On our first day in Beni, we met with several of the leaders of the Congo Initiative and the UCBC and got to see the university for the first time. What an amazing place it is! The university is absolutely alive with over 400 students. We met David Kasali, the founder of the ministry, and his wife Kaswera, and learned from them the vision that God has placed on their hearts to start the Congo Initiative. David told us a bit of his story and spoke of how he was a slave to his wallet, how he had a dream of getting away and having the American dream, and that he actually succeeded. When the war broke out in the Congo however, he found that he was being called back to serve his home country of the DRC. Over time he gathered together a group of several indigenous Christian leaders, and after much delegation and prayer, they came up with what was to be the Congo Initiative. It has the ultimate goal of raising up educated, indigenous Christian leaders to influence and transform their communities and the country that is the Congo. It works to accomplish its mission through the work of various centers that aim to educate and influence not only students, but people in the community as well. Their main energies have been put towards establishing the university, and we can already see the fruits of their work just by walking around the campus and talking to the students. I recall very clearly something that Mary said to us that day. She said that the direction that Congo would take in the future was a precedent for what would happen to the world. Why? It is because the Congo is the most untouched territory in the world, and also the most rich in untapped resources. The Congo Initiative wants to claim the Congo and its future for God.

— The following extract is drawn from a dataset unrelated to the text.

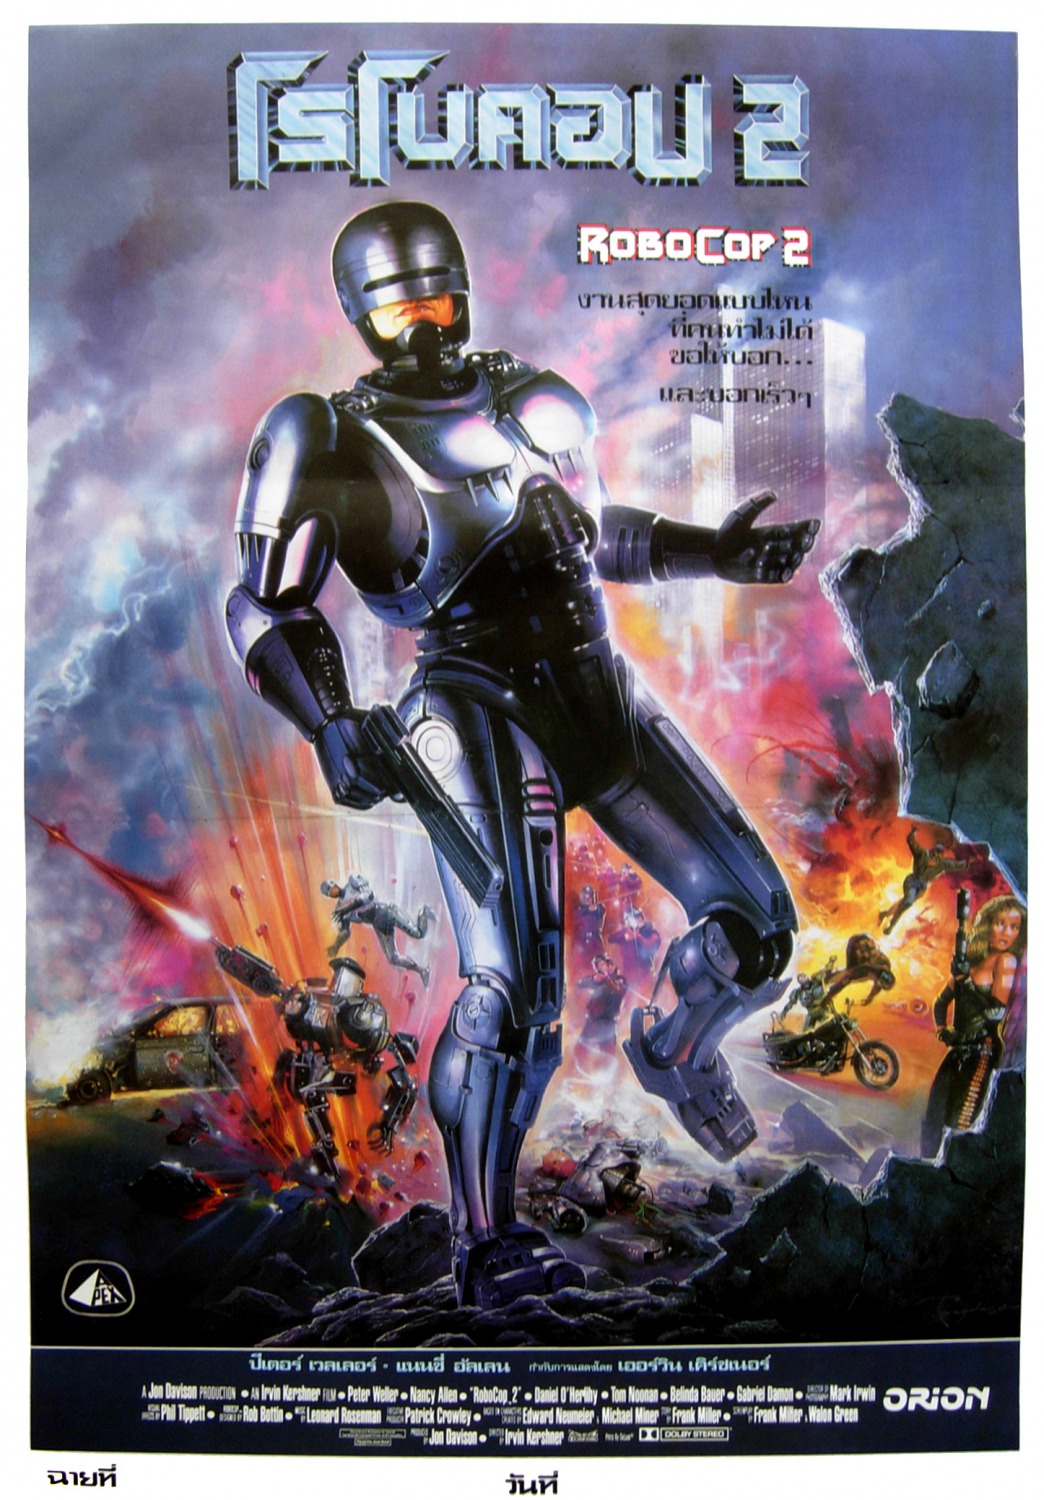 robocop 2022 movie poster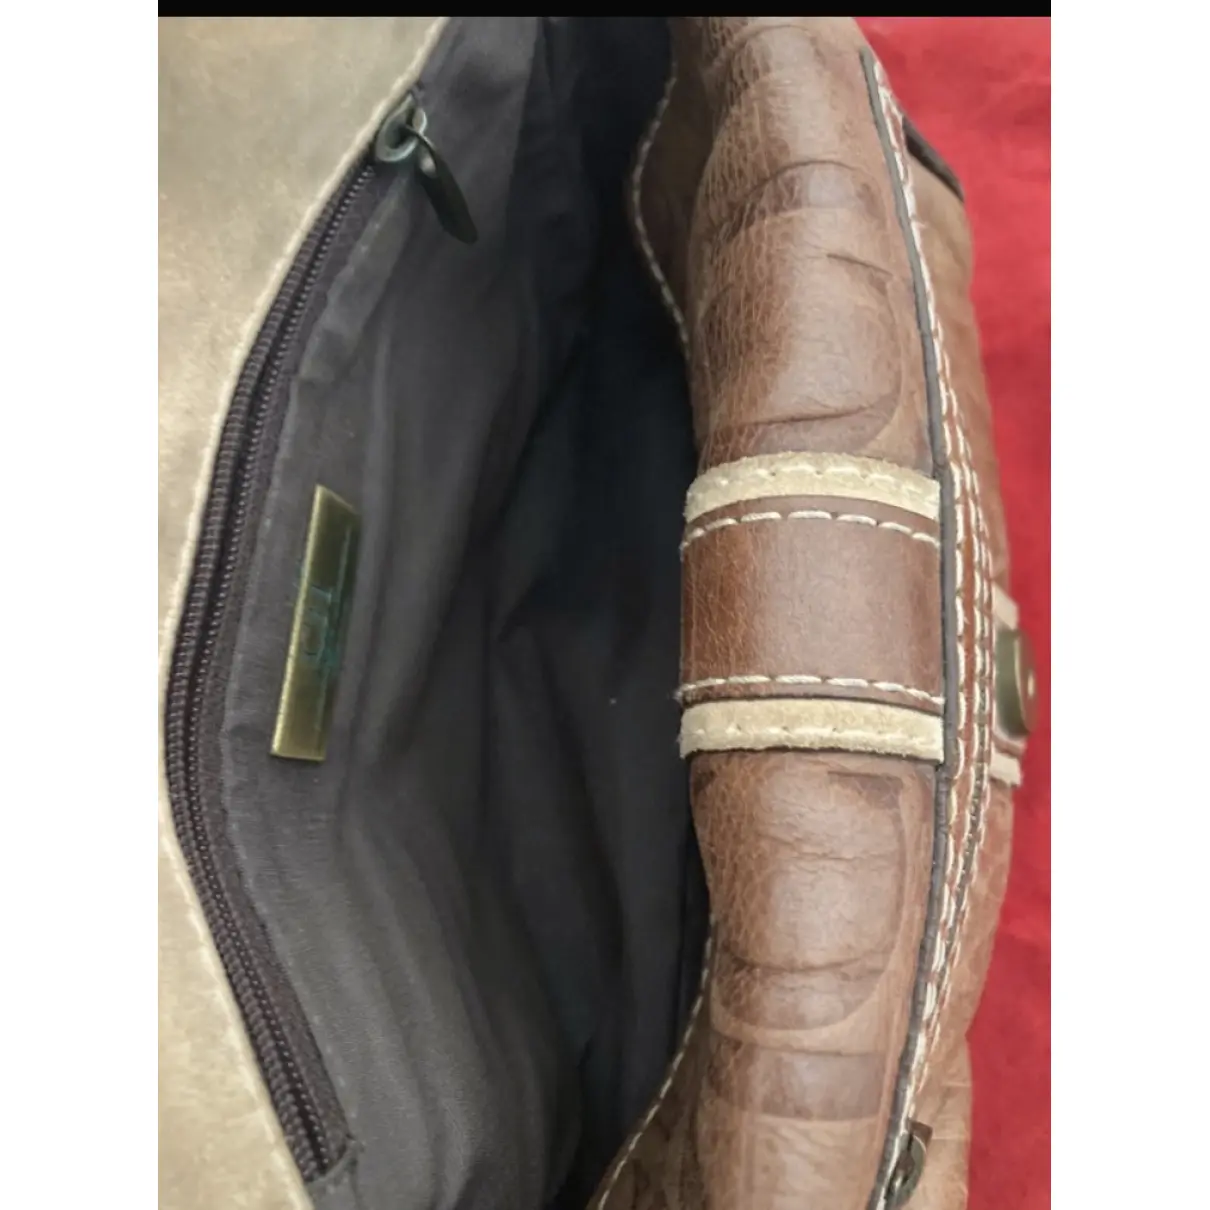 Leather clutch bag Carolina Herrera

The vision is a big one, and they have a mountain ahead before they will reach their goal of being a full-fletched university campus with significant community participation and outreach. They are currently constructing a large community center. We got a tour of the unfinished building and it really was a lesson for me to see how they have to use whatever they have immediately available. They have to do things like pour their own concrete blocks and weld their own windows and doors. We heard stories of how students and people in the community are helping to build the center because they know that in the future it will serve their children and grandchildren. Everyone in the school and community will be able to point at a brick on the building and call it their part. That is how this vision will come to a reality: one brick, encouragement, donation, prayer at a time.
That night we headed home with our minds spinning from all of the information we had gathered that day! Not only did we take everything in and process it, we also began asking questions about the CI-UCBC’s specific needs, not only immediate, but also what they are imagining for the future. For our daily devotions we studies Psalm 139. It is an excellent reminder that God knows us, cares for us, and has a plan and purpose for us. I am hoping to memorize this verse before I head home. Sometimes I think we don’t fully register the fact that we are ‘beloved’, and that it is in this love that we can fully extend the love of Christ to others. I really like a quote that they have here and there on the walls around the existing building of UCBC: ‘Être transformé pour transformer’, ‘Being transformed to transform’. Today by getting to know this ministry and the people behind it I got a taste of what true selfless love is.